The SPG was in the normality range in every subject. There was clear evidence of a higher SPG in the COVID group: the minimum threshold was obtained with 2.36 or 2.44 filaments, and only two patients had a threshold of 1.65, which was present only on the dorsum of the hand. The comparison between groups was performed with Pearson's chi-square or Fisher's exact tests as appropriate for each region and side tested; the significance was set with a p-value of 0.05. Bold values represent statistical significance.
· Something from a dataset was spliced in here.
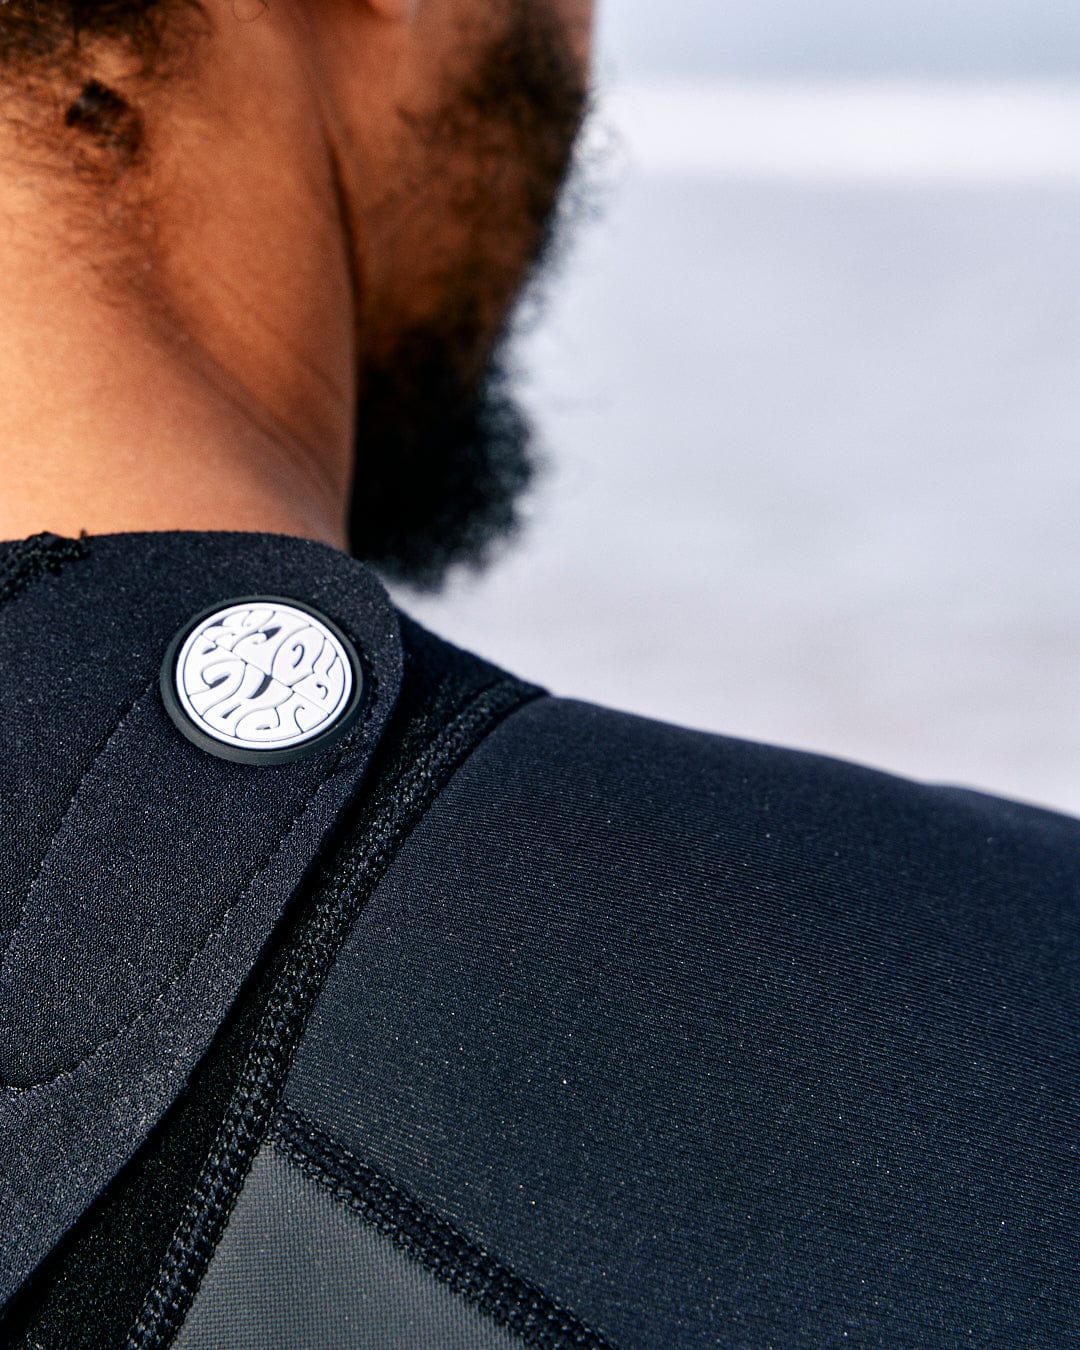 Close-up of a person wearing a black neoprene shoulder brace with a white circular logo on the strap.

The mean target force, in milligrams, needed to evoke the sensory response was also calculated for every district. The COVID group presented a significantly higher threshold in every site when compared with the control group (Table 3). We also calculated the mean force, in milligrams, needed to evoke a sensory response in the hands in both groups; this threshold was significantly lower in the control group than in the COVID group, as shown in Figure 2 [19 (11) vs. 27 (7) milligrams; p < 0.001].
Table 3
| COVID group | Control group | p | |
|---|---|---|---|
| Target force in mg (mean; SD) | Target force in mg (mean; SD) | ||
| I Finger left | 29 (10) | 20 (16) | <0.001 |
| I Finger right | 27 (10) | 24 (16) | 0.034 |
| II Finger left | 29 (10) | 20 (14) | <0.001 |
| II Finger right | 27 (10) | 21 (15) | <0.001 |
| V Finger left | 29 (10) | 18 (13) | <0.001 |
| V Finger right | 31 (14) | 21 (15) | <0.001 |
| Dorsum left | 20 (5) | 15 (15) | <0.001 |
| Dorsum right | 20 (5) | 15 (14) | <0.001 |
| Hypothenar left | 27 (10) | 19 (13) | <0.001 |
| Hipothenar right | 27 (10) | 21 (14) | <0.001 |
| Mean target force in all districts | 27 (7) | 19 (11) | <0.001 |
The median, in milligrams, of the force needed to evoke light touch sensory response in every district examined for both groups.
Comparison between groups was performed with the Mann–Whitney's test (non-normal data distribution); significance was set with a p-value of 0.05.
Figure 2
Box-and-whiskers plot of the force (in mg) needed to evoke a sensory response in each district and considering all the districts tested in the Control and COVID groups. The dots represent the outliers.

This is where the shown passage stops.